Records to process:
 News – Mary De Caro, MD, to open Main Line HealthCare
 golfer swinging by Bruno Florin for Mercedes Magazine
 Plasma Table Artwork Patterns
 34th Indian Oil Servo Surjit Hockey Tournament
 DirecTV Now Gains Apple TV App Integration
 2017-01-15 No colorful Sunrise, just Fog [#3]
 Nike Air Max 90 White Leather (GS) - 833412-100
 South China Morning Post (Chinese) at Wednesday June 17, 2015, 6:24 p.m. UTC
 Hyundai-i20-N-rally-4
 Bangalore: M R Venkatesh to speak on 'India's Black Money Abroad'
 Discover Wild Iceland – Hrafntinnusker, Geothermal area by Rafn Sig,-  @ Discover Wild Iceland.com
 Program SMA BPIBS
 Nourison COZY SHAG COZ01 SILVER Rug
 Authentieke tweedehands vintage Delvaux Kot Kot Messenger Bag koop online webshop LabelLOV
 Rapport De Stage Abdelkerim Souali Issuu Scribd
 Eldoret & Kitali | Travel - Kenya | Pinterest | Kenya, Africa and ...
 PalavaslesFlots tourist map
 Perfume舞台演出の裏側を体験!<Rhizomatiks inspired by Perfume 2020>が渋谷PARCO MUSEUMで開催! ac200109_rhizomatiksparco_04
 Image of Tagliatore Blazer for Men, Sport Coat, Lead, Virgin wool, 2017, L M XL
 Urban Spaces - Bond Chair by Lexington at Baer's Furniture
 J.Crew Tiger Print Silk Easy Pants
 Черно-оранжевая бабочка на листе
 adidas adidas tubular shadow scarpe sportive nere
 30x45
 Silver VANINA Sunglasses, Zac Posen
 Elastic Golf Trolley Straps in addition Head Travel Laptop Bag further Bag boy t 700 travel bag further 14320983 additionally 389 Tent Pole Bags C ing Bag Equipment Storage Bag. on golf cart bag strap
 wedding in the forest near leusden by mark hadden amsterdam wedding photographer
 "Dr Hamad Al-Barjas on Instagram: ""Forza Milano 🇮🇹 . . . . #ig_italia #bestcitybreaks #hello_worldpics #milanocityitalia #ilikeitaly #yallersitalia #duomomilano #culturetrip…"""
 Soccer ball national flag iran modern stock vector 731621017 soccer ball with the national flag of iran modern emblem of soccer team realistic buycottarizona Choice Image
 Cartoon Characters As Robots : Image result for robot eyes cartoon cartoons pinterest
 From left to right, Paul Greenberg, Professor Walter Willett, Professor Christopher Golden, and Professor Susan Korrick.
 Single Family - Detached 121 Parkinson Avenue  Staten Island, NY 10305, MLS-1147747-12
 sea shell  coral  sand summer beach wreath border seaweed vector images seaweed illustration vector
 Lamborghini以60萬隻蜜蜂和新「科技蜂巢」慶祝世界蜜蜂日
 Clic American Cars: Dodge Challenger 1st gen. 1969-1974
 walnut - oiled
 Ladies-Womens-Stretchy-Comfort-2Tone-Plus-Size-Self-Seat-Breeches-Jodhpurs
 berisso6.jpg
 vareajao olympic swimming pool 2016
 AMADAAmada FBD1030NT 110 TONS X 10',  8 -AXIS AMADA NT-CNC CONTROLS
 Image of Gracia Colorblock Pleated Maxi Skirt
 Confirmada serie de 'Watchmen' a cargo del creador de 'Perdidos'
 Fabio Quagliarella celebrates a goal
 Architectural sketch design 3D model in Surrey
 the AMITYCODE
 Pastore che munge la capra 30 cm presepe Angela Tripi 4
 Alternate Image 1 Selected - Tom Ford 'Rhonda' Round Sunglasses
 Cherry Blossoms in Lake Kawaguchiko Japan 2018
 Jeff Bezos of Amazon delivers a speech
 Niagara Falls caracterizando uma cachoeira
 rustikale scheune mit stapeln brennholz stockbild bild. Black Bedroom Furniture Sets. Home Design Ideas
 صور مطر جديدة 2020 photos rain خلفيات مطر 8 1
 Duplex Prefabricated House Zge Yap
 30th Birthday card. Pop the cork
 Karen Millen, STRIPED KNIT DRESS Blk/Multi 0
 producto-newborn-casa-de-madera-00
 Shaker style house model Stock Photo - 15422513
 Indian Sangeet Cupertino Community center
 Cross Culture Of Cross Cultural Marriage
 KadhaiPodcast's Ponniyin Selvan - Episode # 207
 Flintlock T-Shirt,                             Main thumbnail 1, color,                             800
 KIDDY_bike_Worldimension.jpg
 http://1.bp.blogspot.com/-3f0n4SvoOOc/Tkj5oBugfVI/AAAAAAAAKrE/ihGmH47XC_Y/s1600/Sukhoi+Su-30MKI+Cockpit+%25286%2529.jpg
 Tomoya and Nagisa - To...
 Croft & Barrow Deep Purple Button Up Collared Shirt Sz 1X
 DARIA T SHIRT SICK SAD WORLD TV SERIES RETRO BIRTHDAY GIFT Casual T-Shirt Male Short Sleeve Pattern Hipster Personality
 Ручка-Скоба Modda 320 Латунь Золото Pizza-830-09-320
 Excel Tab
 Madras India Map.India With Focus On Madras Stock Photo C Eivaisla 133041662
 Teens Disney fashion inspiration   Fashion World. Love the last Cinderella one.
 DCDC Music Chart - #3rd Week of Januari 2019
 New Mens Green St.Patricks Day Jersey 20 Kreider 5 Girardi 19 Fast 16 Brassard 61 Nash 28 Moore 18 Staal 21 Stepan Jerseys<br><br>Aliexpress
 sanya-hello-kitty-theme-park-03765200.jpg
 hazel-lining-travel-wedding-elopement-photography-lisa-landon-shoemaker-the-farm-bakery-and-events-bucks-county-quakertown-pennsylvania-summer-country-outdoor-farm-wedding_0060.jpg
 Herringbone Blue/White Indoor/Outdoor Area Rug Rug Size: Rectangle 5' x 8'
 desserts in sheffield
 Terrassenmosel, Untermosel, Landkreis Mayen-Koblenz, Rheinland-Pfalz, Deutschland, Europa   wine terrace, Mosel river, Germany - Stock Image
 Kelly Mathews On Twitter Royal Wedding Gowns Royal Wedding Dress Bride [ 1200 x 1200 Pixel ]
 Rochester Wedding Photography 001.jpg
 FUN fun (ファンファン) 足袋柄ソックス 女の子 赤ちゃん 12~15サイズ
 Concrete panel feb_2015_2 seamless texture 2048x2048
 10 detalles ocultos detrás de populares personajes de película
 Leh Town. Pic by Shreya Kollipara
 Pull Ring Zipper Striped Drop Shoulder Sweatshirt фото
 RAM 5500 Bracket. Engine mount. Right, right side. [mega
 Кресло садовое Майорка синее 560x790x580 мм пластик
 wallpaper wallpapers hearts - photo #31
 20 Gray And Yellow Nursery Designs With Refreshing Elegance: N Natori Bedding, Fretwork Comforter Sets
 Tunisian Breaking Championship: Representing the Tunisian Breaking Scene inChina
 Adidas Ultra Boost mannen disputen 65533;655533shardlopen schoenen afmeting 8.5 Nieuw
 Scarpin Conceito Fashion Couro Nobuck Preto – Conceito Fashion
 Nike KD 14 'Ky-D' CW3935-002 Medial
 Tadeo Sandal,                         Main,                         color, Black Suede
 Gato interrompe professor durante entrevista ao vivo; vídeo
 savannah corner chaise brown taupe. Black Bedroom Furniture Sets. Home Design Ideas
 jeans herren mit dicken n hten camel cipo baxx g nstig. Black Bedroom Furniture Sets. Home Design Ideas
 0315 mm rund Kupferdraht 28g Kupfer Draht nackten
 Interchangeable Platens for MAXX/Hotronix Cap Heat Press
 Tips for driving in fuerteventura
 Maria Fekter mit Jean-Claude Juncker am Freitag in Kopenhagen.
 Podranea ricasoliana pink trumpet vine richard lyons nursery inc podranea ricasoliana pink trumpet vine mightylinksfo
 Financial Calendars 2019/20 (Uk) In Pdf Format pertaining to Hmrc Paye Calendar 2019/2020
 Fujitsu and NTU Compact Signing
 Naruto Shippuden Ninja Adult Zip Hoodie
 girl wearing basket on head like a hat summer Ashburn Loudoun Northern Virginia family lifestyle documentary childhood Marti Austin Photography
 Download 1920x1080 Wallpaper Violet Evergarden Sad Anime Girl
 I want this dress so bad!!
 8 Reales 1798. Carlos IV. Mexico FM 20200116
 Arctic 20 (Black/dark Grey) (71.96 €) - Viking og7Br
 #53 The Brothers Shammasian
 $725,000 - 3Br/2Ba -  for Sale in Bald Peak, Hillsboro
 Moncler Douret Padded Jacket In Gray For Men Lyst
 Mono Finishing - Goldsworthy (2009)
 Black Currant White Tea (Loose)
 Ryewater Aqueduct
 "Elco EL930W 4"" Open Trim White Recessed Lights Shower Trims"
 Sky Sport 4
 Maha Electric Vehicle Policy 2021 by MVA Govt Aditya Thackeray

What the exercise asks:
Scan the entries for the word "Main". Report each line that has it.

Your solution:
 News – Mary De Caro, MD, to open Main Line HealthCare
 Flintlock T-Shirt,                             Main thumbnail 1, color,                             800
 Tadeo Sandal,                         Main,                         color, Black Suede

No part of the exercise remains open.